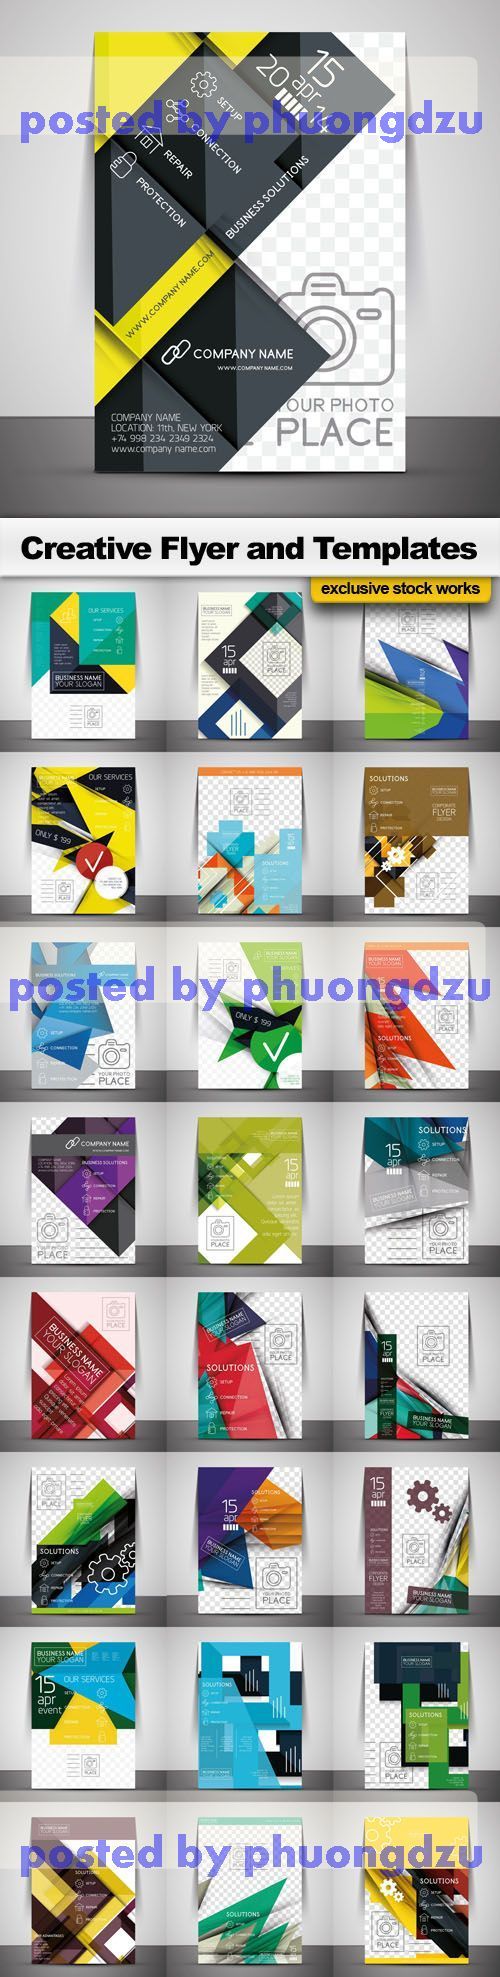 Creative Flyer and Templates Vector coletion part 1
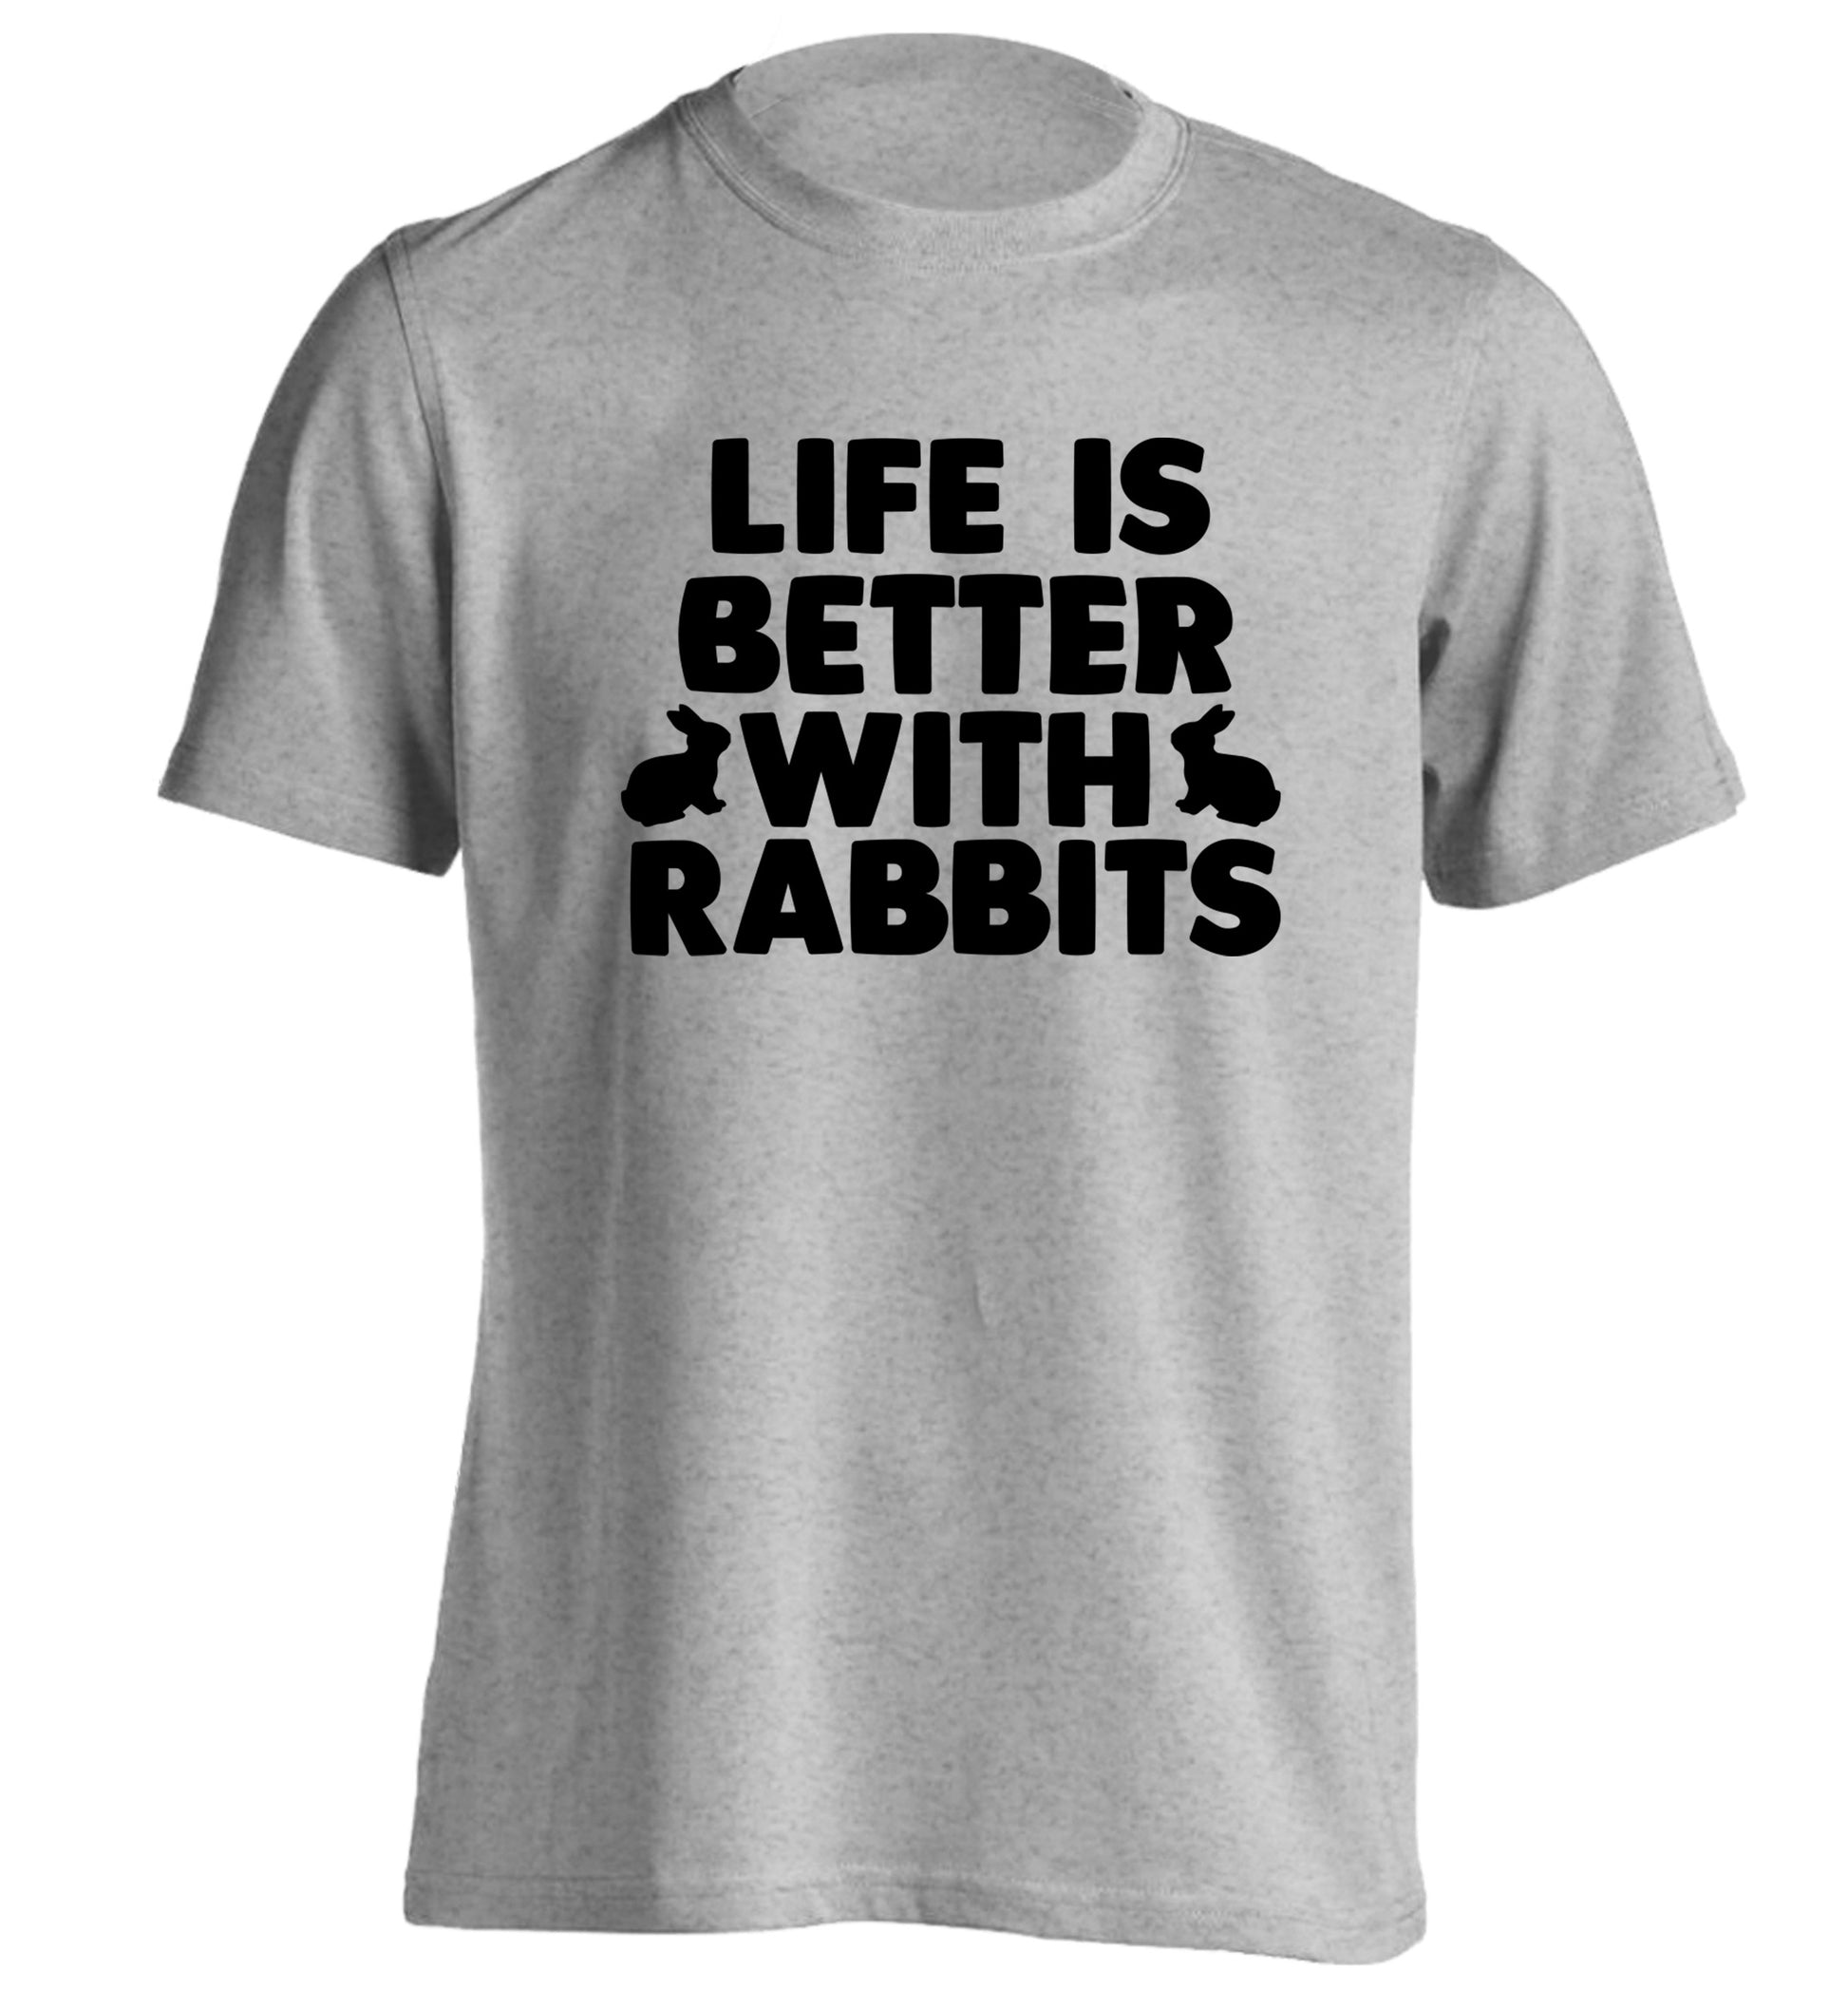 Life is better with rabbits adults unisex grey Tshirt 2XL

...

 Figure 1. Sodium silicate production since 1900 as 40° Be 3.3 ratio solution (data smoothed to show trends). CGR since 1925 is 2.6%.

--

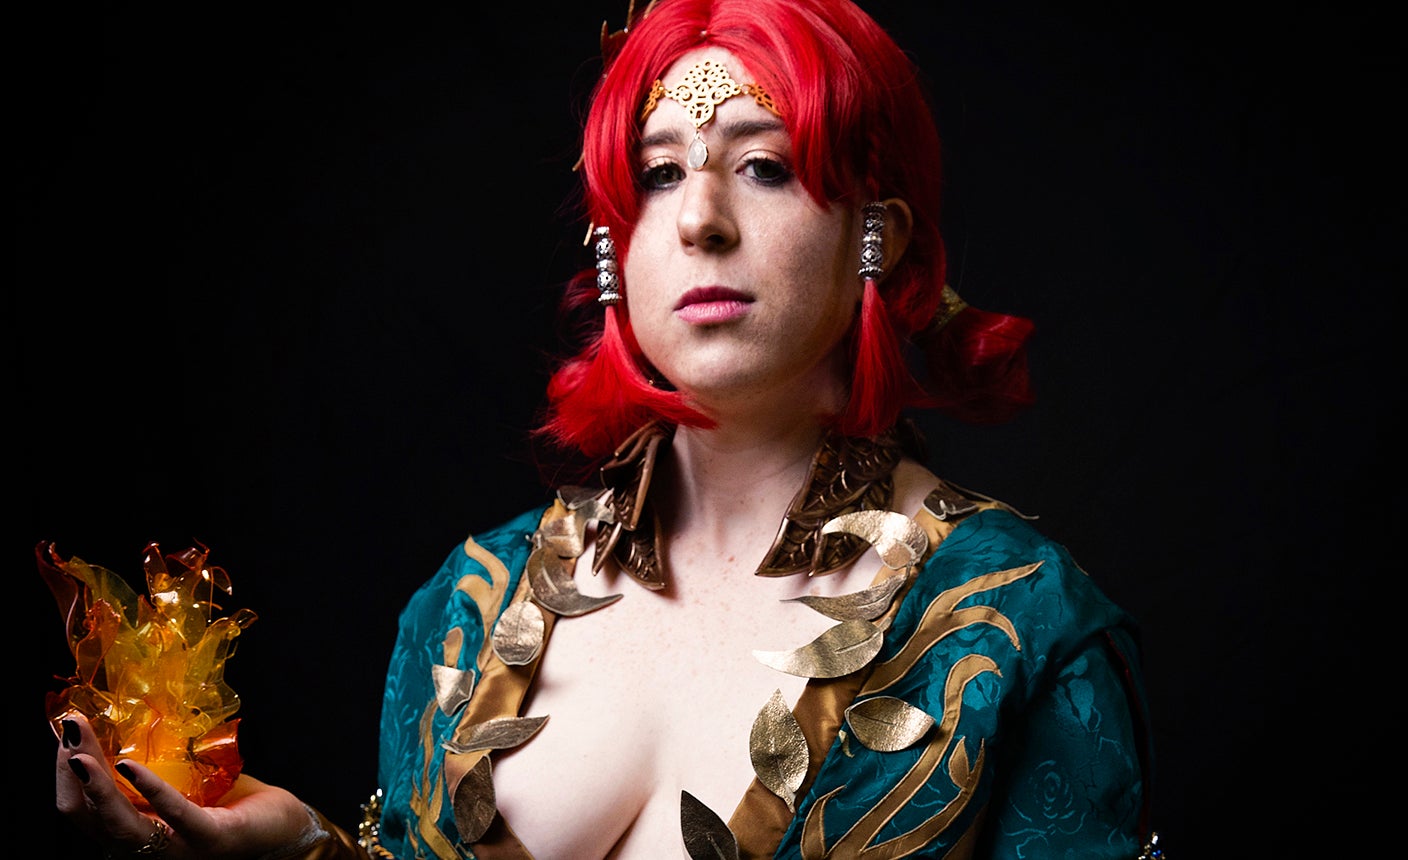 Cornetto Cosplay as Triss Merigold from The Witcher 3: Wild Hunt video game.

**GOAL OF THE EXERCISE**
Exactly the lines above from the one that contains "Creative Flyer and" down to the one that contains "Life is better" are to be output, both ends kept and pictures omitted.

**SOLVED PROBLEM**
 Creative Flyer and Templates Vector coletion part 1
 Life is better with rabbits adults unisex grey Tshirt 2XL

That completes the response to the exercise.